As a general consumption tax, value added tax (VAT) is designed to burden non-business, i.e. private, consumption. Within the business sphere, on the other hand, there is a fundamental right to deduct input tax in order to avoid multiple tax burdens. However, this principle reaches its limits if structures are used solely to obtain a tax advantage that is not provided for by law. Such abusive structures are often the subject of case law, particularly in connection with luxury goods such as private jets, yachts or vacation properties.
A recent ruling by the Federal Administrative Court (FAC) dated January 8, 2025 (A-1146/2023) deals with such a topic. It deals with the misuse of VAT regulations in connection with a vacation property.
FACTS OF THE CASE AND DECISION OF THE FEDERAL ADMINISTRATIVE COURT
A-1146/2023
A._______ AG was acquired by its sole shareholder in 2017 and held a single vacation property. The company was registered as a company subject to VAT, which entitled it to claim input tax deduction for extensive renovation costs. At the same time, it rented out the property exclusively to the sole shareholder, with this rental being subject to VAT at the special rate for accommodation services.
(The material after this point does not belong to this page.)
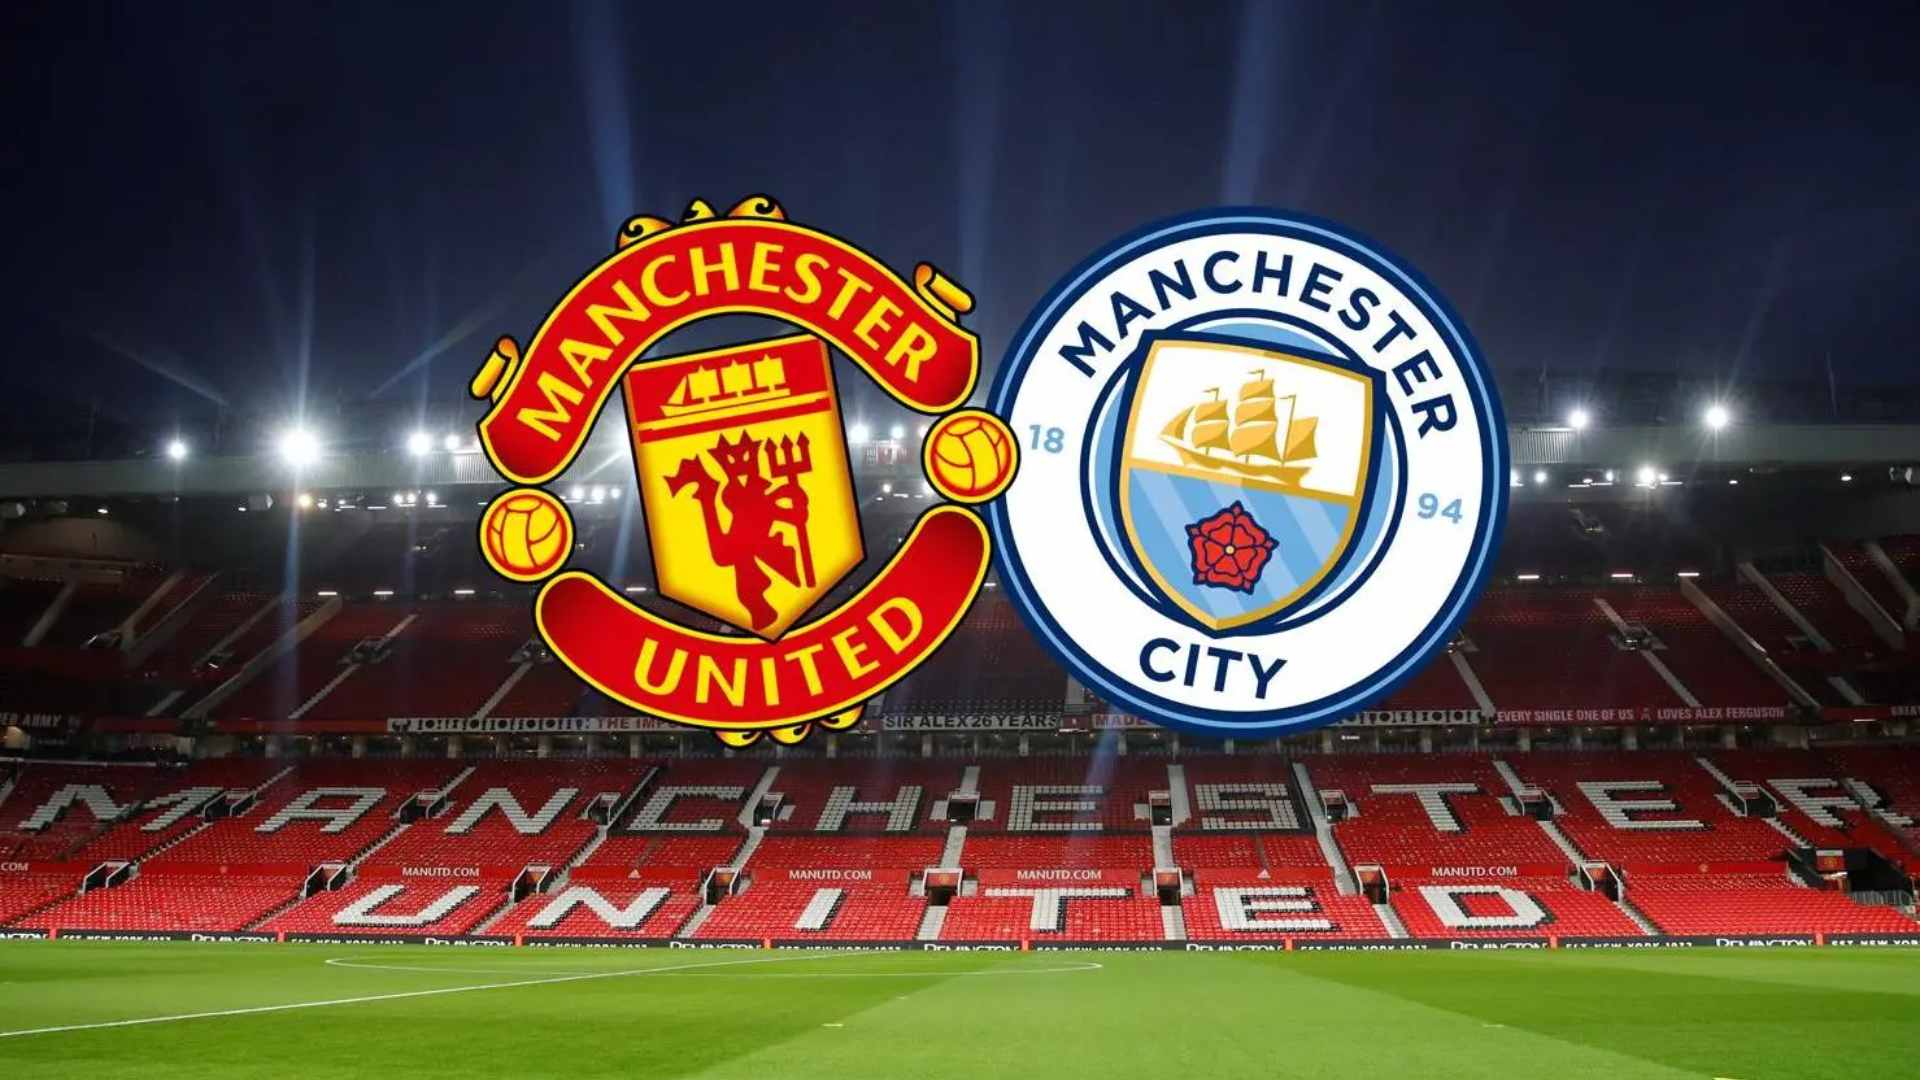 Manchester United y Manchester City

Following a VAT inspection by the Swiss Federal Tax Administration (FTA) in 2021, the company was retroactively deleted from the register of VAT-liable persons. The FTA justified this with the existence of tax avoidance, as the chosen structure was solely aimed at generating an input tax deduction that the sole shareholder could not have claimed privately. The FAC confirmed this assessment.
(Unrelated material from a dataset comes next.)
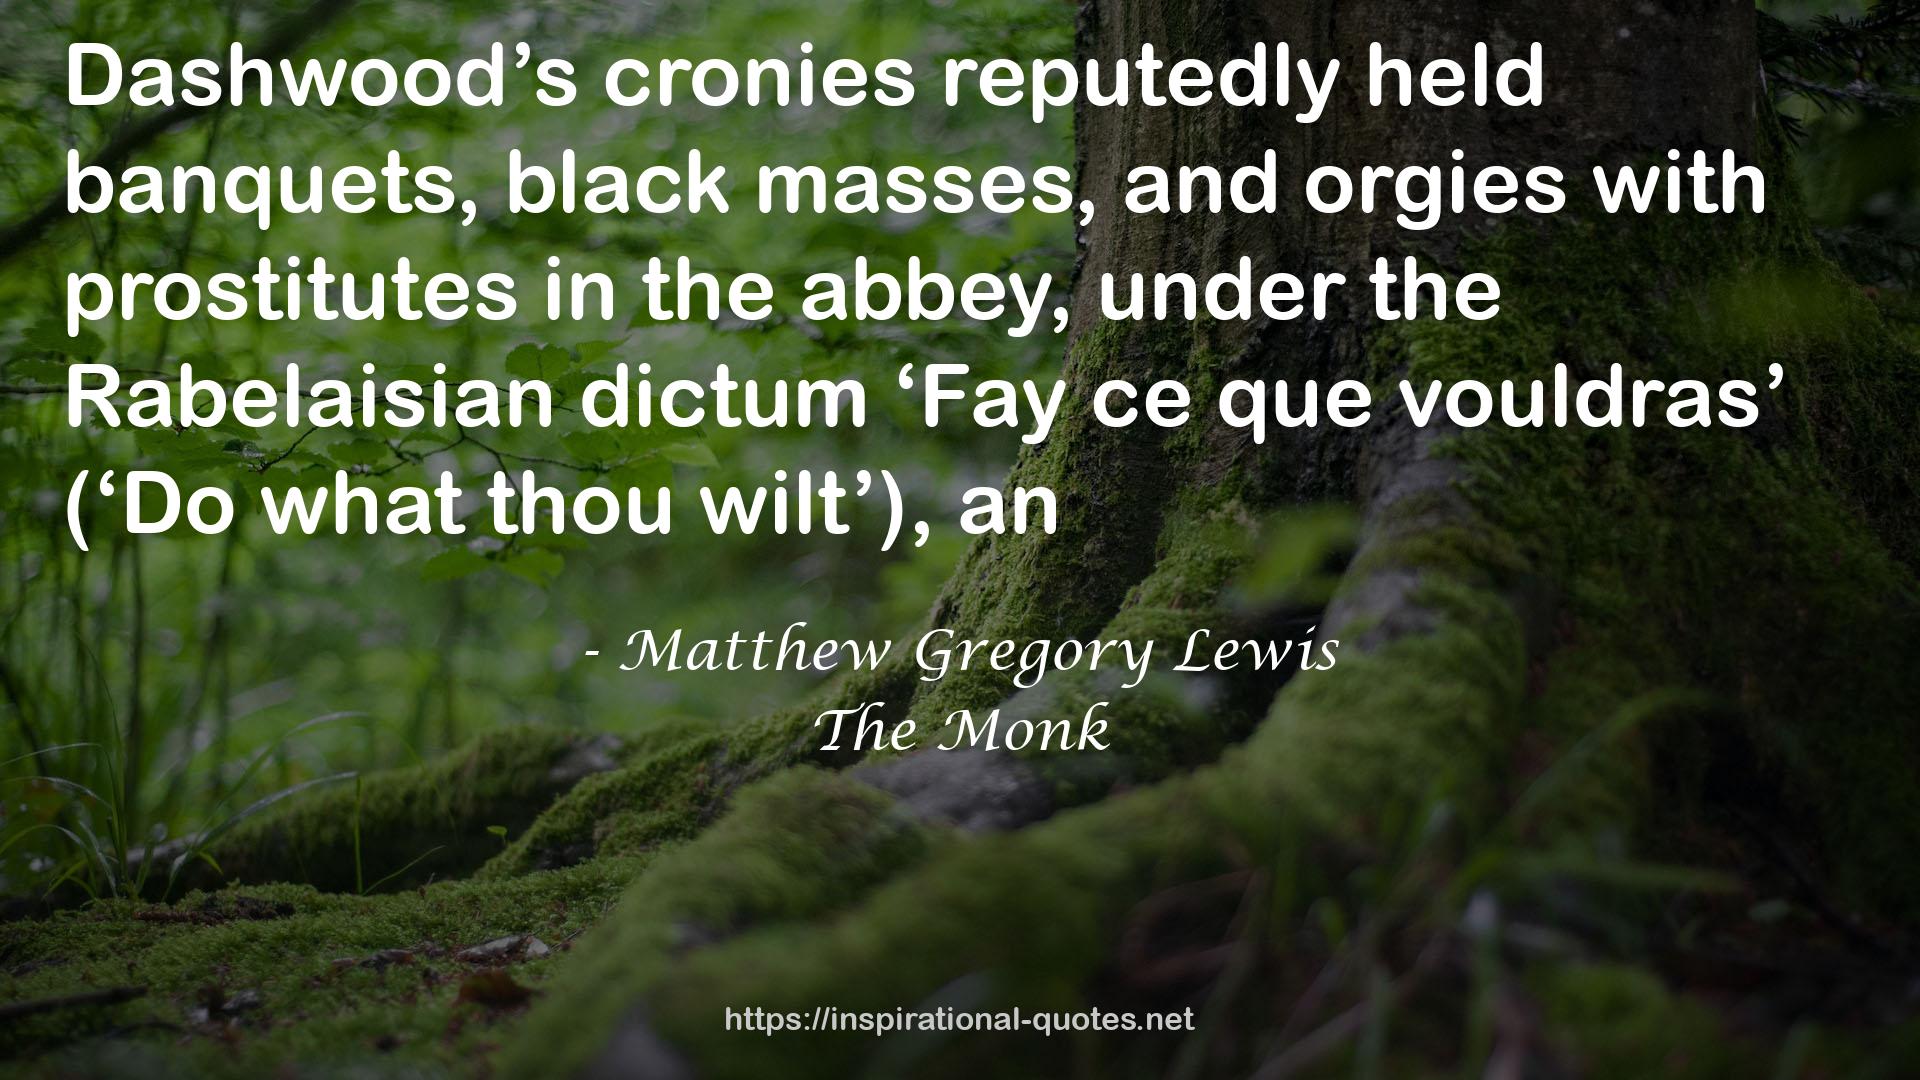 Matthew Gregory Lewis QUOTES

CRITERIA FOR TAX AVOIDANCE
According to the established practice of the FAC and the Federal Supreme Court, three elements are decisive for the affirmation of tax avoidance:
- Objective element: The chosen legal structure is unusual and inappropriate. In this case, the sole purpose of the company was to hold a vacation property and rent it out to the sole shareholder, without any economic or business reasons being apparent.
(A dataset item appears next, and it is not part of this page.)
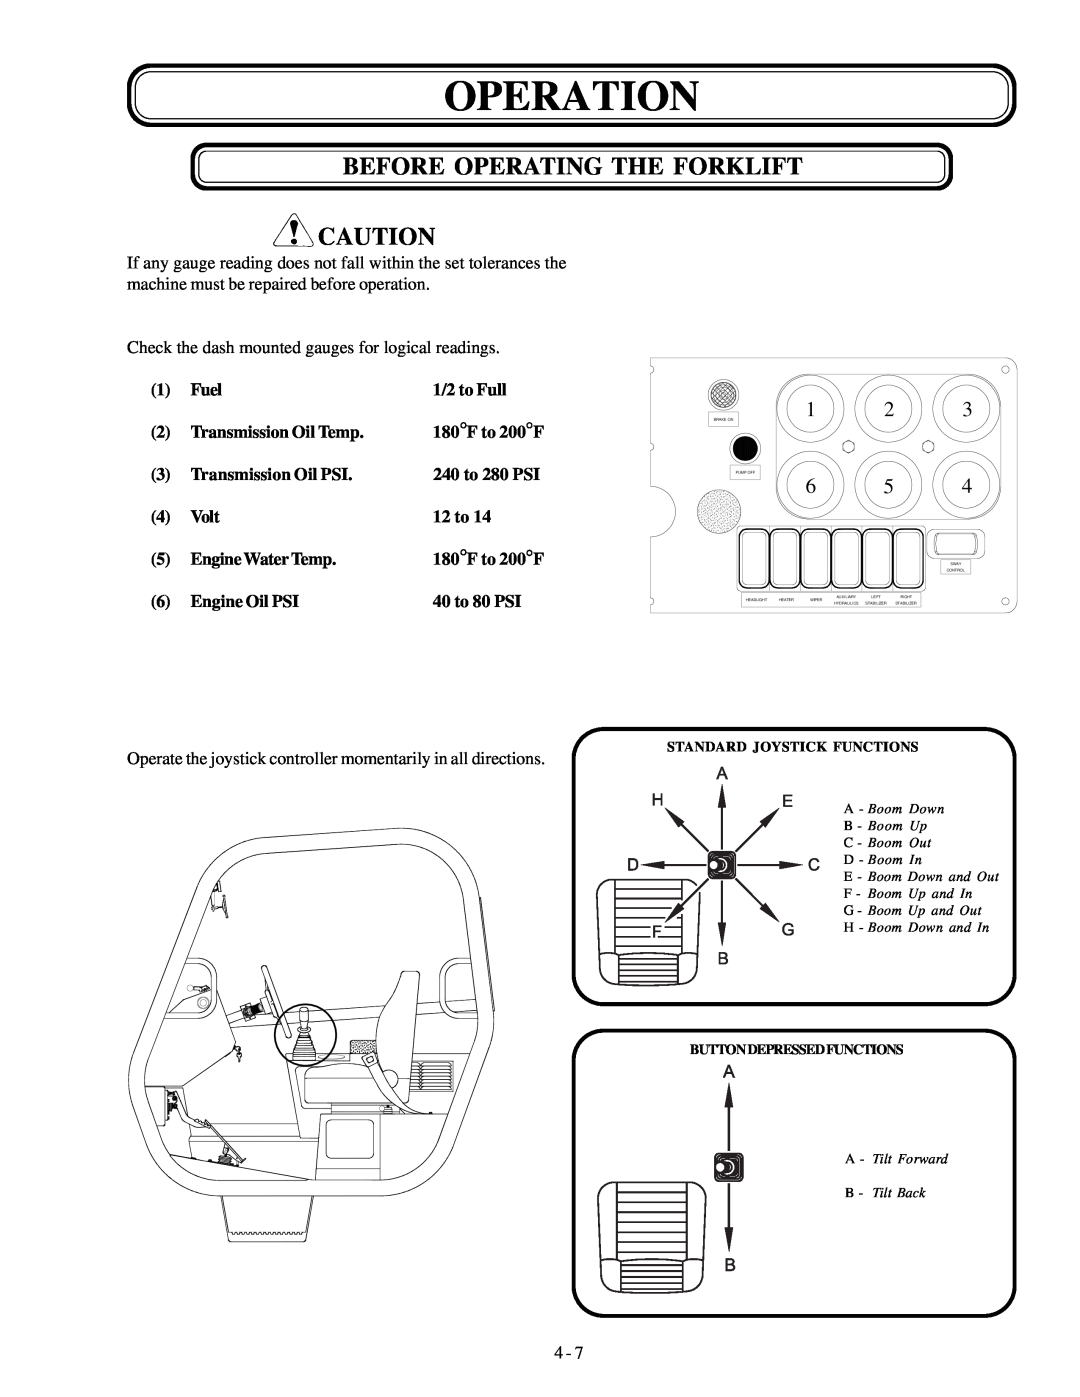 Genie GTH-636 manual Before Operating The Forklift, Operation

- Subjective element: The chosen structure primarily served the purpose of tax avoidance by obtaining an input tax deduction through the VAT obligation that would otherwise not have been possible.
- Effective element: The tax savings were considerable, in particular due to the input tax deduction for renovation costs that would otherwise not have been deductible for private assets.
As all three criteria were met, the tax avoidance was affirmed and the company's tax liability was retroactively revoked.
It is interesting to compare this with the judgments A-4190/2020 and A-4195/2020 of 15 December 2021. In these cases, no tax avoidance was assumed, whereby, in the opinion of the court, the fact that no input tax deductions were claimed played a role. Instead, the companies invoiced using the net VAT rate method, which is why no significant tax savings were made. The third condition, the effective element, which requires a significant tax saving, was therefore missing. In the current case, however, the chosen structure led to a significant input tax surplus, which resulted from the high renovation costs for which the company claimed the input tax deduction. At the same time, the rental income from the exclusive letting to the sole shareholder was only taxed at the reduced special rate for accommodation services. As a result, the input tax claimed significantly exceeded the VAT owed, which the court classified as tax abuse, meaning that tax avoidance was confirmed.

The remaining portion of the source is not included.